**** Data block ****

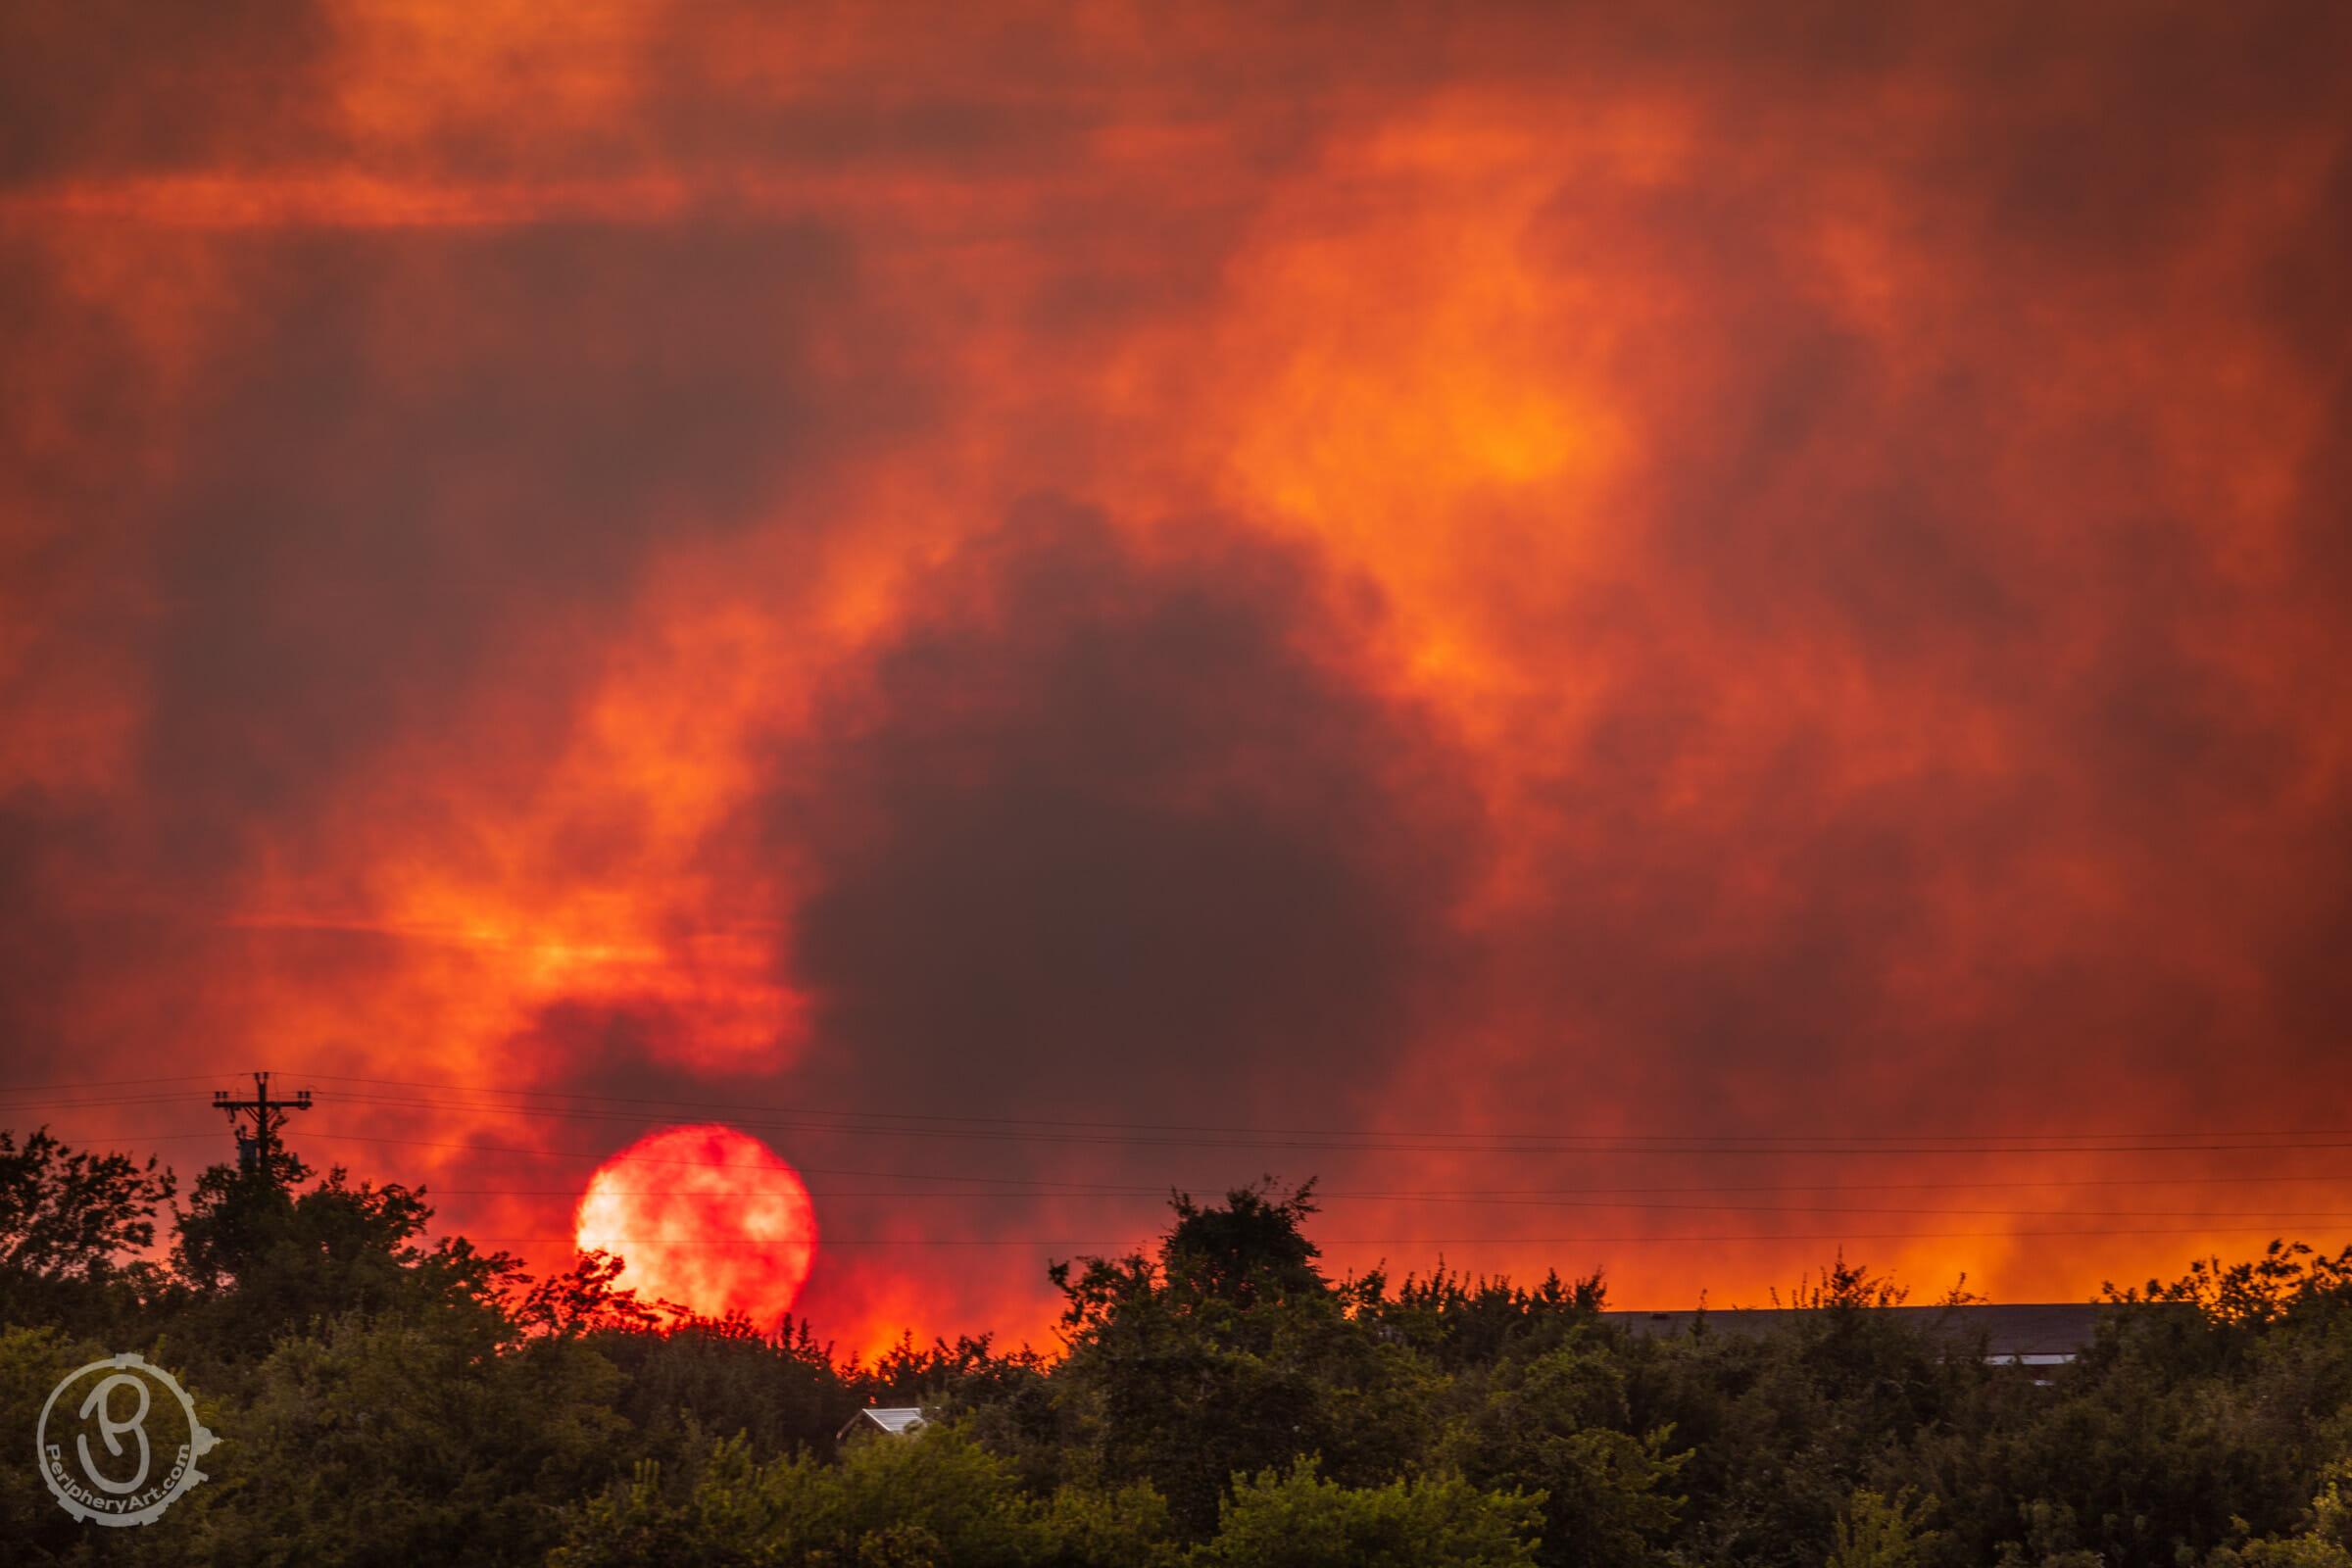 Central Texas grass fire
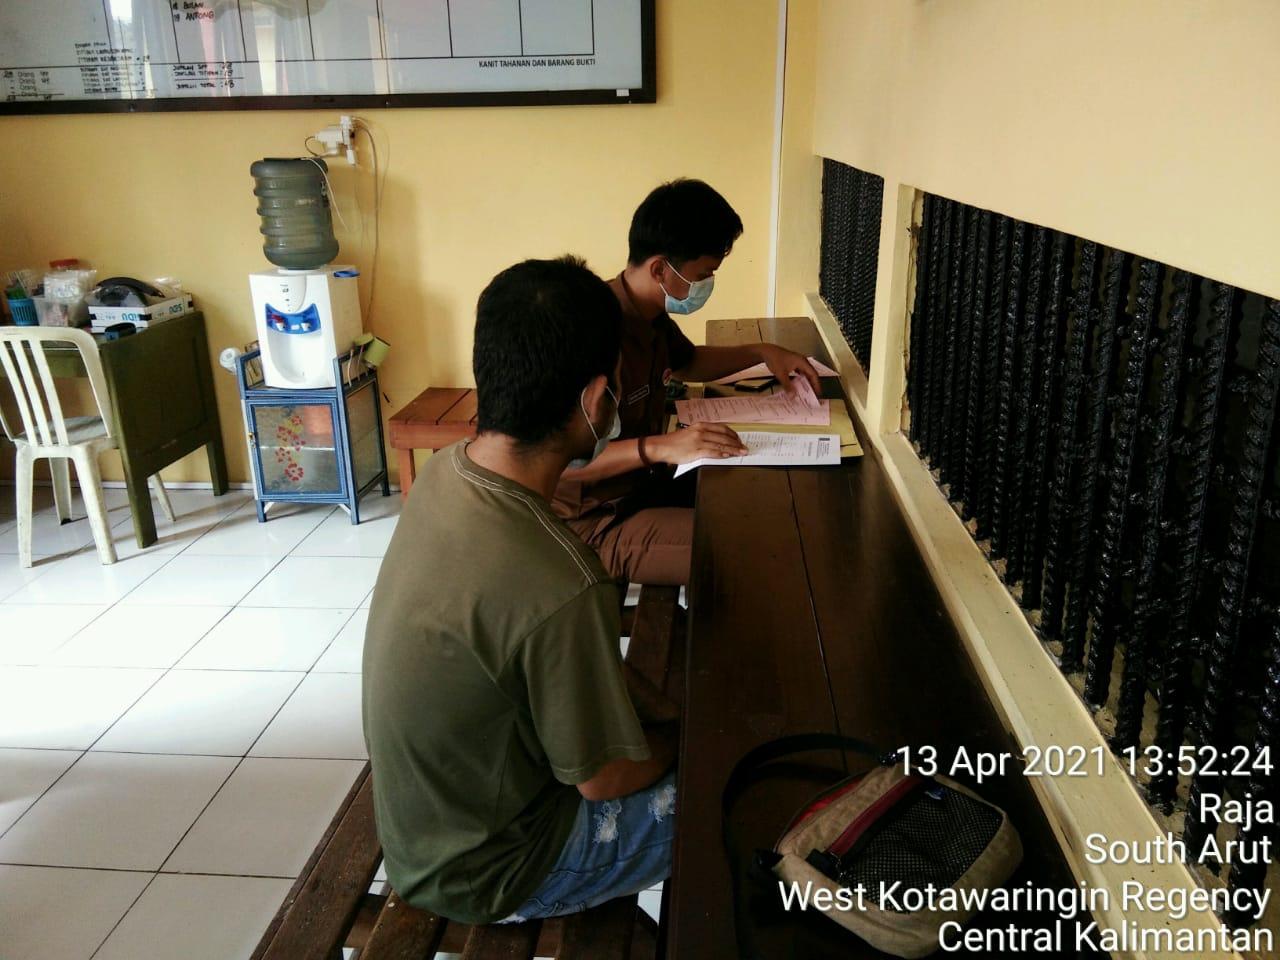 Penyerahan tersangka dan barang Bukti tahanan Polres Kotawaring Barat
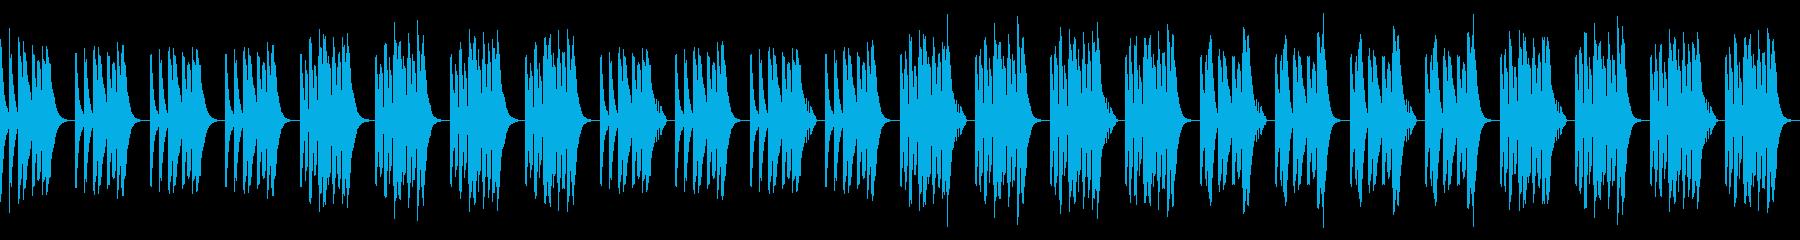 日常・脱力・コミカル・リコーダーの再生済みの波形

****

**What the exercise asks:** In the data, the line that contains "Penyerahan tersangka dan" begins the part to write out; restate it and each line after it word for word through the end, with no pictures.

**Written solution:**
 Penyerahan tersangka dan barang Bukti tahanan Polres Kotawaring Barat
 日常・脱力・コミカル・リコーダーの再生済みの波形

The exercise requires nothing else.